PC Magazine points out that both the message forums and AOL Instant Messenger are now both owned by Verizon’s Oath — and that Oath plans to shut both services on the same day. (Oath also also acquired Yahoo in June, and has also acquired several other brands both new and old, including popular sites like Netscape, TechCrunch, Engadget, and HuffPost.)

“If you want to step back in time and give the CompuServe forums one more read, you have until December 15 to do it,” wrote Digital Trends, adding “the company has announced that it’s closing the discussion boards after two decades of use.”

Remembering…

Go to the CompuServe site’s Science Fiction and Fantasy forum, and you’ll still find a discussion from 2004 about how the WB network was pre-empting the show Angel. In its Stage & Screen forum, there’s a discussion from the same year about the then newly-released comedies Shaun of the Dead and Team America. Some early beta programs with Microsoft required users to have a CompuServe ID for communication and bug reporting.

Even people who aren’t using the forums still have vivid memories of those long-ago days when they did, judging by comments on Ars Technica. “My biggest use was on an Amiga to learn how to program the Amiga,” wrote one commenter on the Ars article. “That led to a job programming a network of NeXT Stations to run a global package delivery simulation.”

 

Author Diana Gabaldon also credits the site for a role in the publication of her popular Outlander series of novels back in 1991. “I was going to write a book for practice and never show it to anybody,” she explains on her official site. “Nevertheless, I posted a piece of the book in the CompuServe Literary Forum in order to win an argument I was having with a man about how it feels to be pregnant. A lot of people who’d been following the argument read the piece… and they all said, ‘Hey, this is good! What is it and where’s some more?’ And so I put up more, and people read it, and… eventually, John Stith (who writes wonderful science fiction/mysteries, by the way) offered to introduce me to his agent…”

Elsewhere Gabladon writes that a couple friends on the forum had started trains of thought which found their way into her books.

What Happens Next?

There was a lot of consternation in that forum when the ax finally fell.

Dear Forum friends and family,
We regret to inform you that the Forums will be removed from the CompuServe service effective December 15, 2017…

The ominous message — appearing at the top of every single CompuServe forum — added that “we appreciate all of the participation and comments you have provided over the years,” and stresses that the site will still continue offering news, weather, sports, and entertainment information — plus, of course, email.”

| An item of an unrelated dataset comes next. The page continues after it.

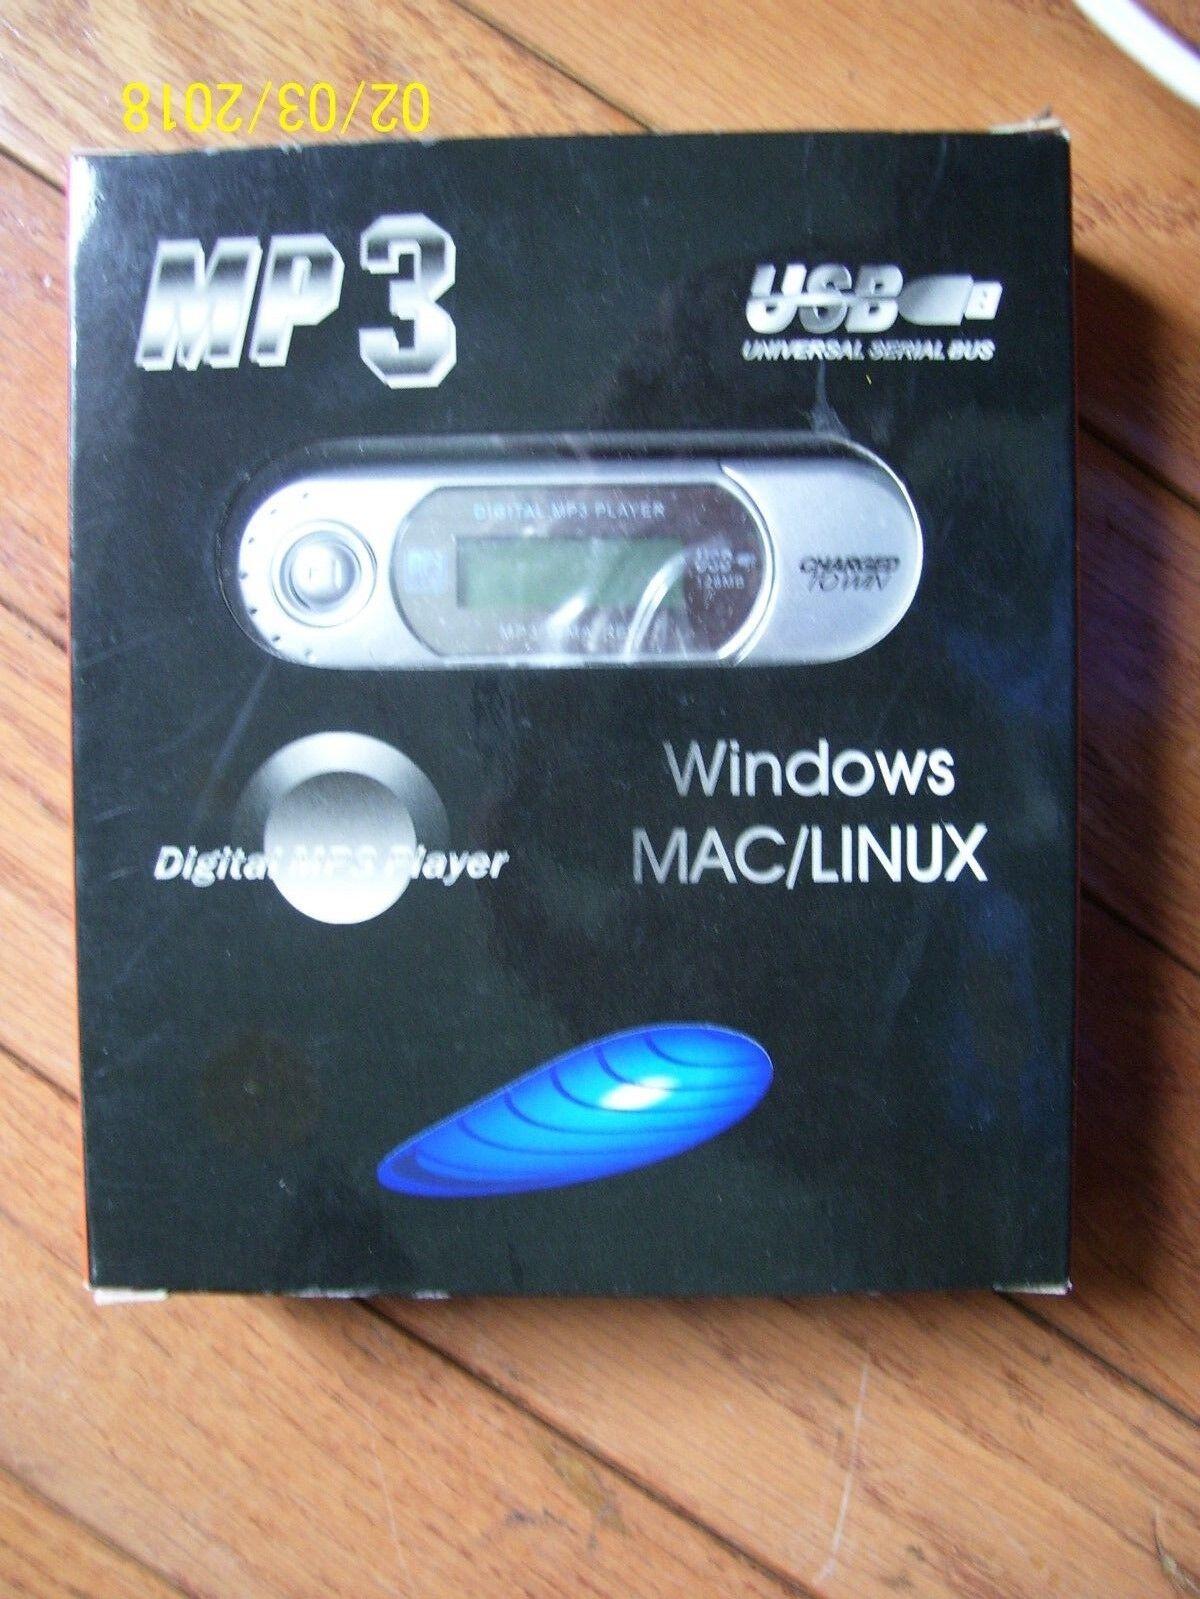 brand new digital mp3 player windows mac
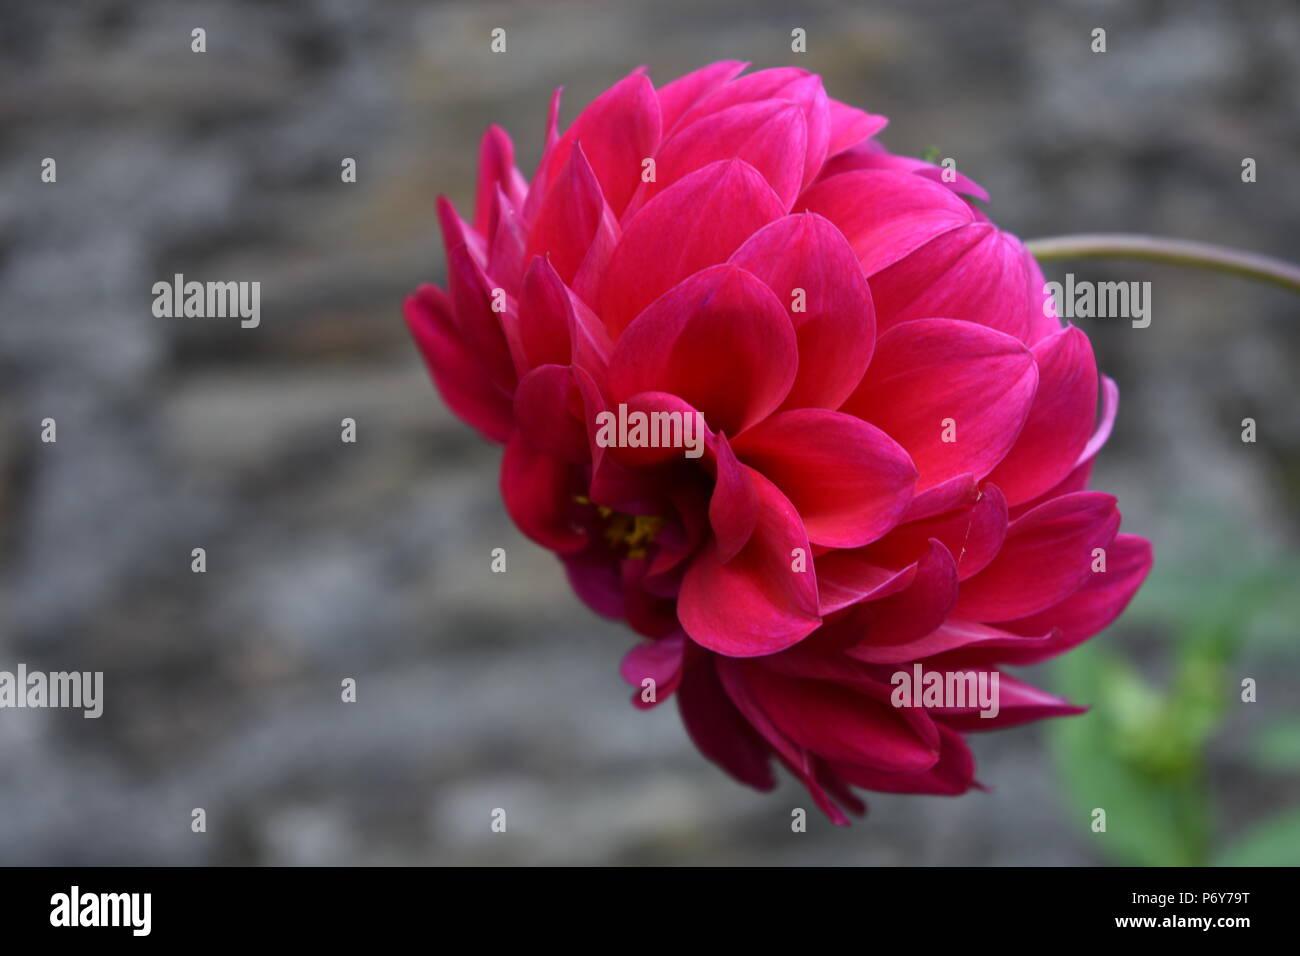 red flower of dahalia - Stock Image

There were sad reactions throughout the Books and Writers Community, where one member posted Monday that “This is not merely a fan site. It is a gathering place for lovers of books and writing.” One recent discussion had even seen dozens of users sticking virtual pins in a Google Map to show where they lived.

But that thread also culminates with a tantalizing message. “Arrangements are being made to move the Forum and all the past threads to a new site.”

And in a Linux forum called “the Penguin’s Den,” there was a similarly intriguing comment from a user with the handle “D.F. Yriart (Sysop)”

“I understand there is work underway to find a new home for forums.”

And even if it falls through, fond fans are dreaming of other possible solutions to keep CompuServe’s forums from disappearing forever.

“I hope they keep a backup,” wrote one commenter on Ars Technica, adding that a “1,000 years from now budding Internet archaeologists will have term papers to write.”